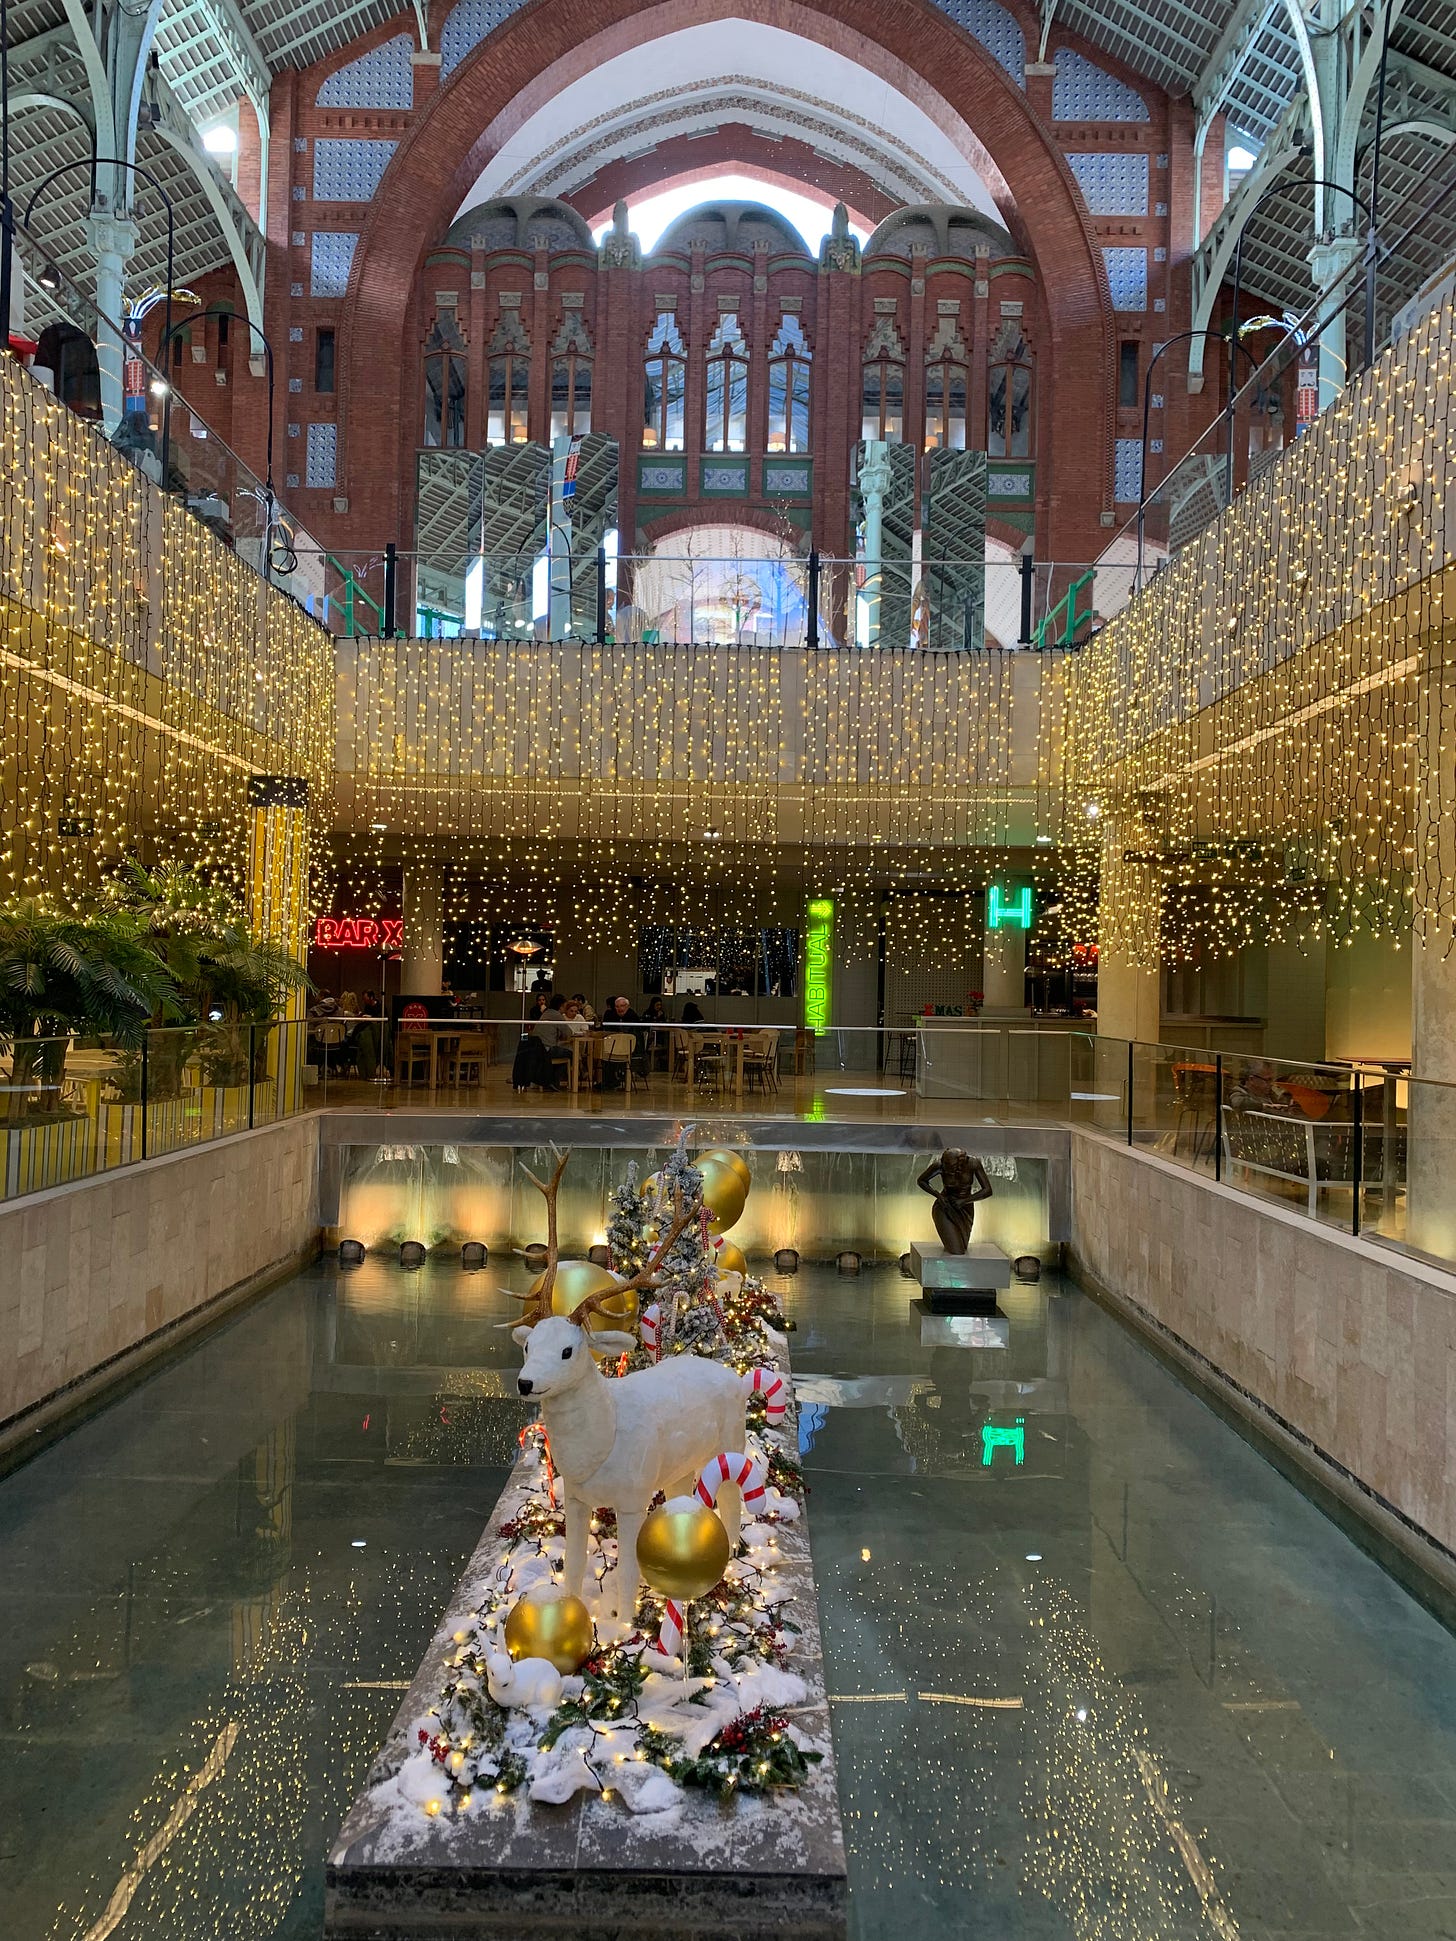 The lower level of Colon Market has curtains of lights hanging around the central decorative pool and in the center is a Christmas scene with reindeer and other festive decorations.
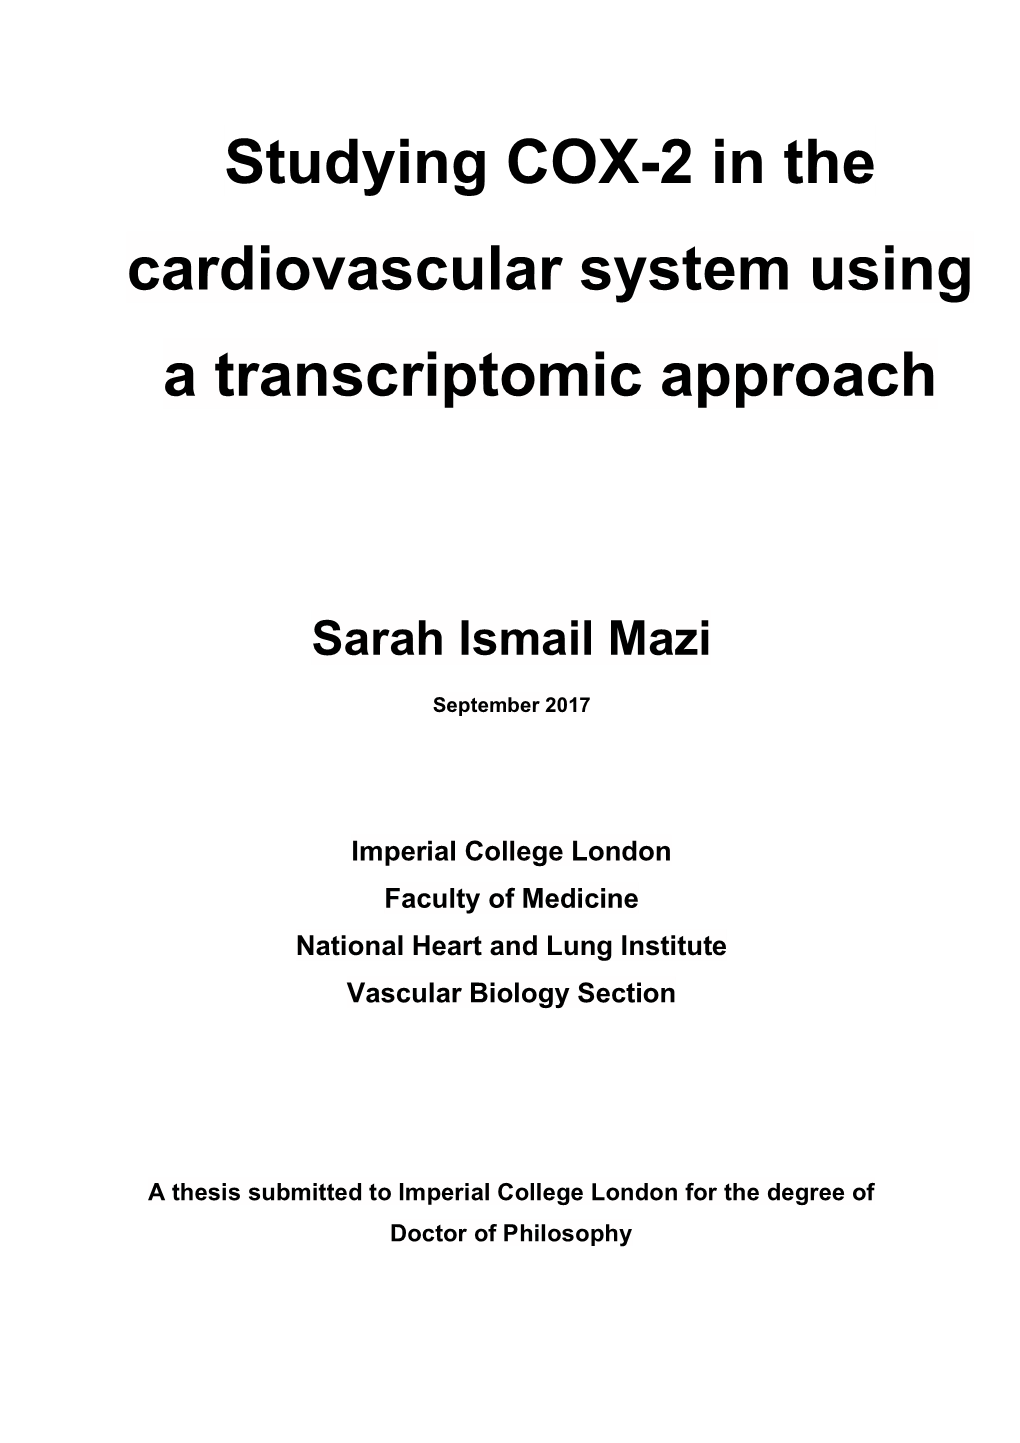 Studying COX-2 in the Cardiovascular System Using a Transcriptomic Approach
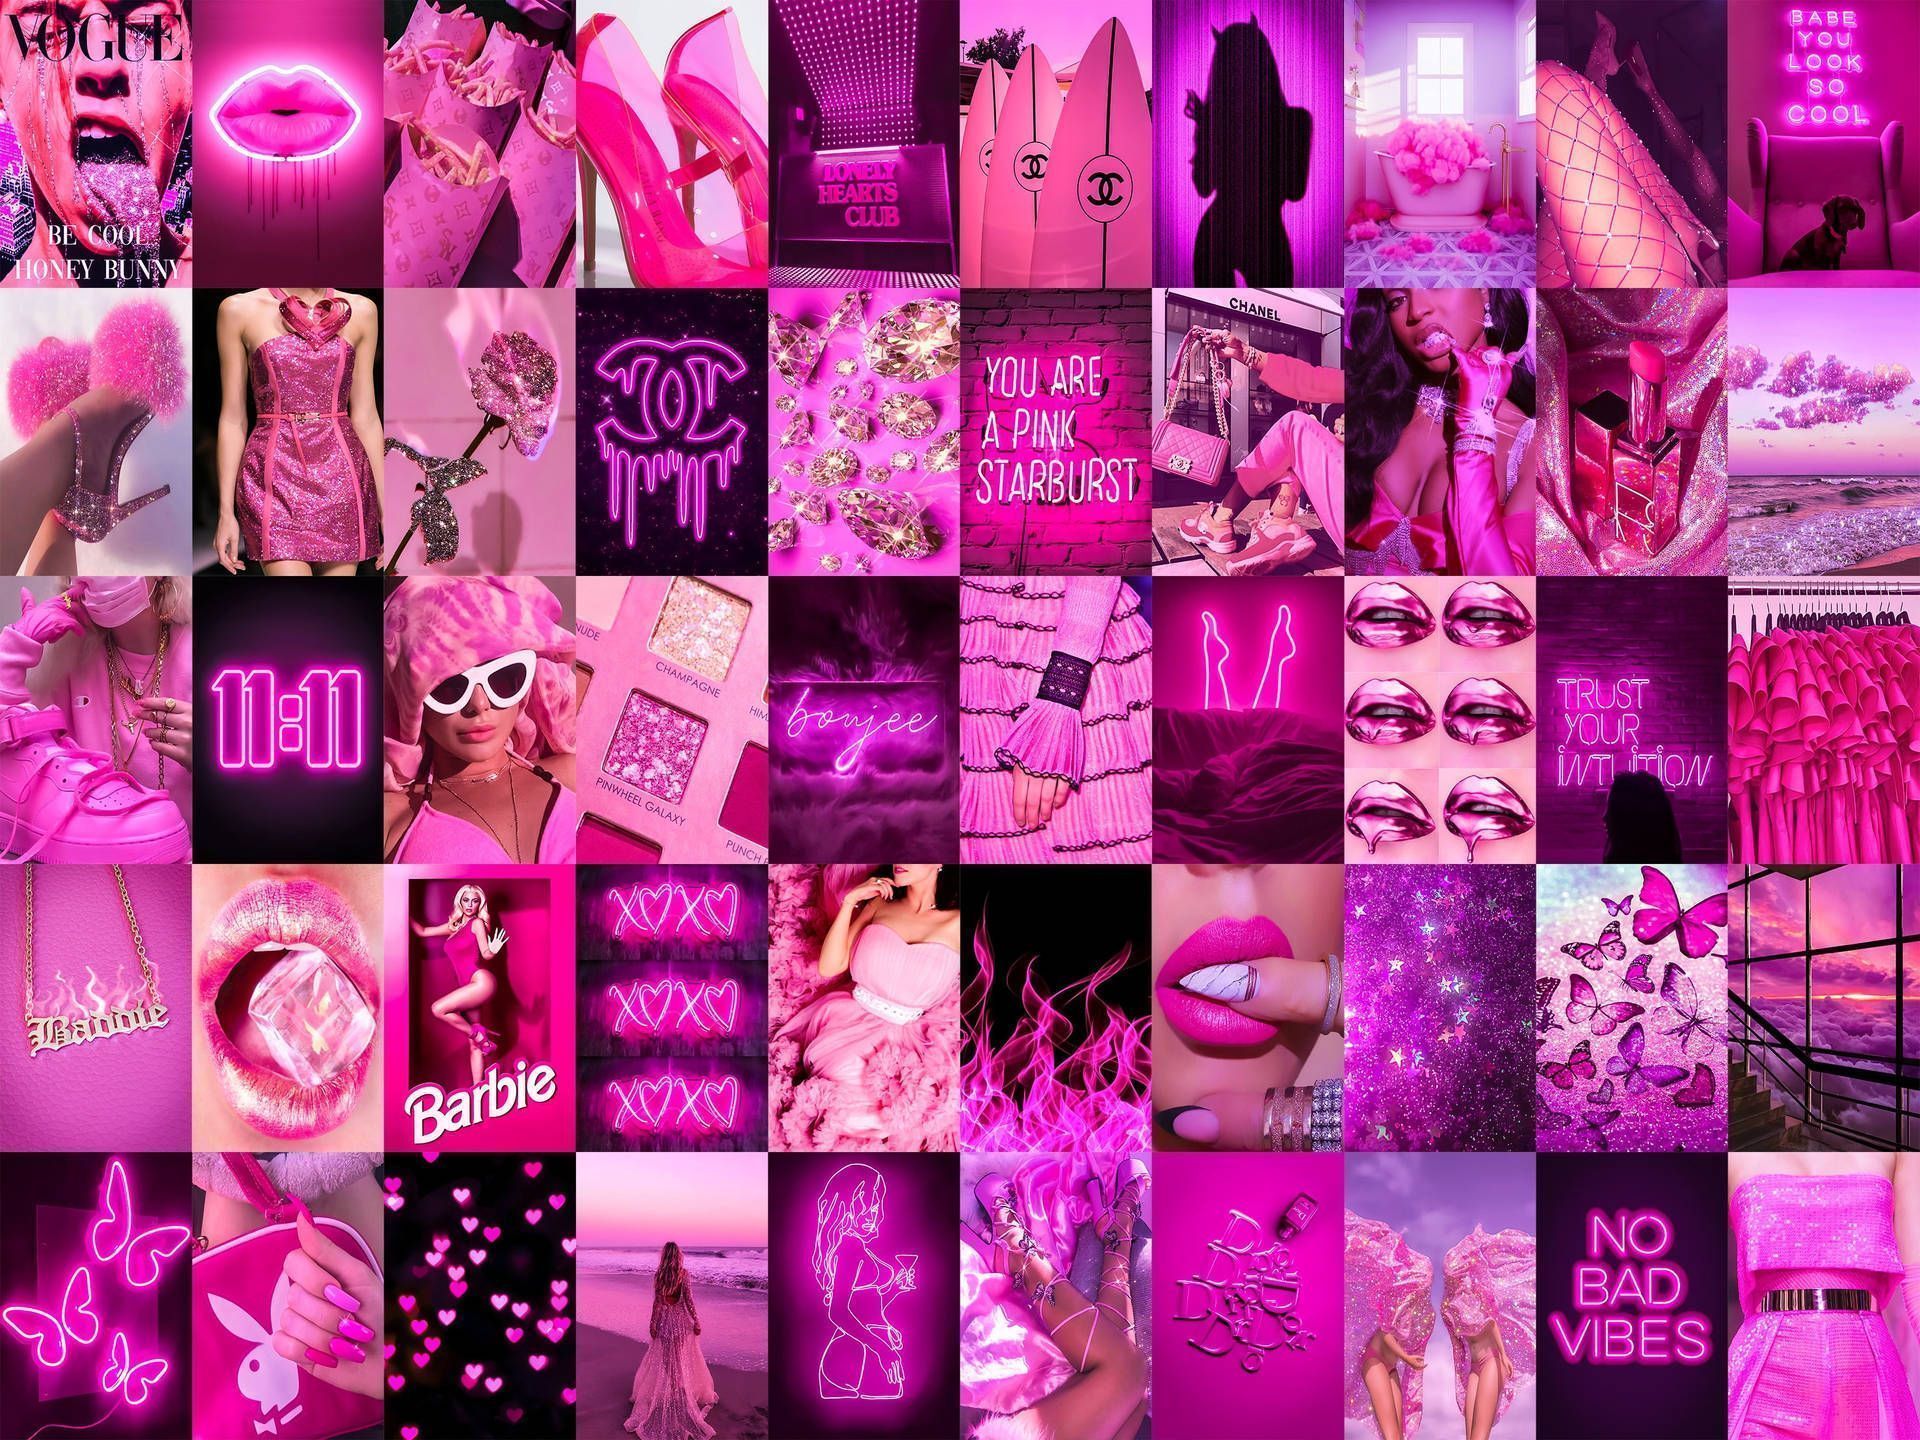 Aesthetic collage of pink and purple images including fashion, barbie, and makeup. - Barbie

━━━━━━━━━━━━━━━━

The copy should run from the first line of the material above through the line with "Studying COX-2 in", repeated exactly and without pictures.

 The lower level of Colon Market has curtains of lights hanging around the central decorative pool and in the center is a Christmas scene with reindeer and other festive decorations.
 Studying COX-2 in the Cardiovascular System Using a Transcriptomic Approach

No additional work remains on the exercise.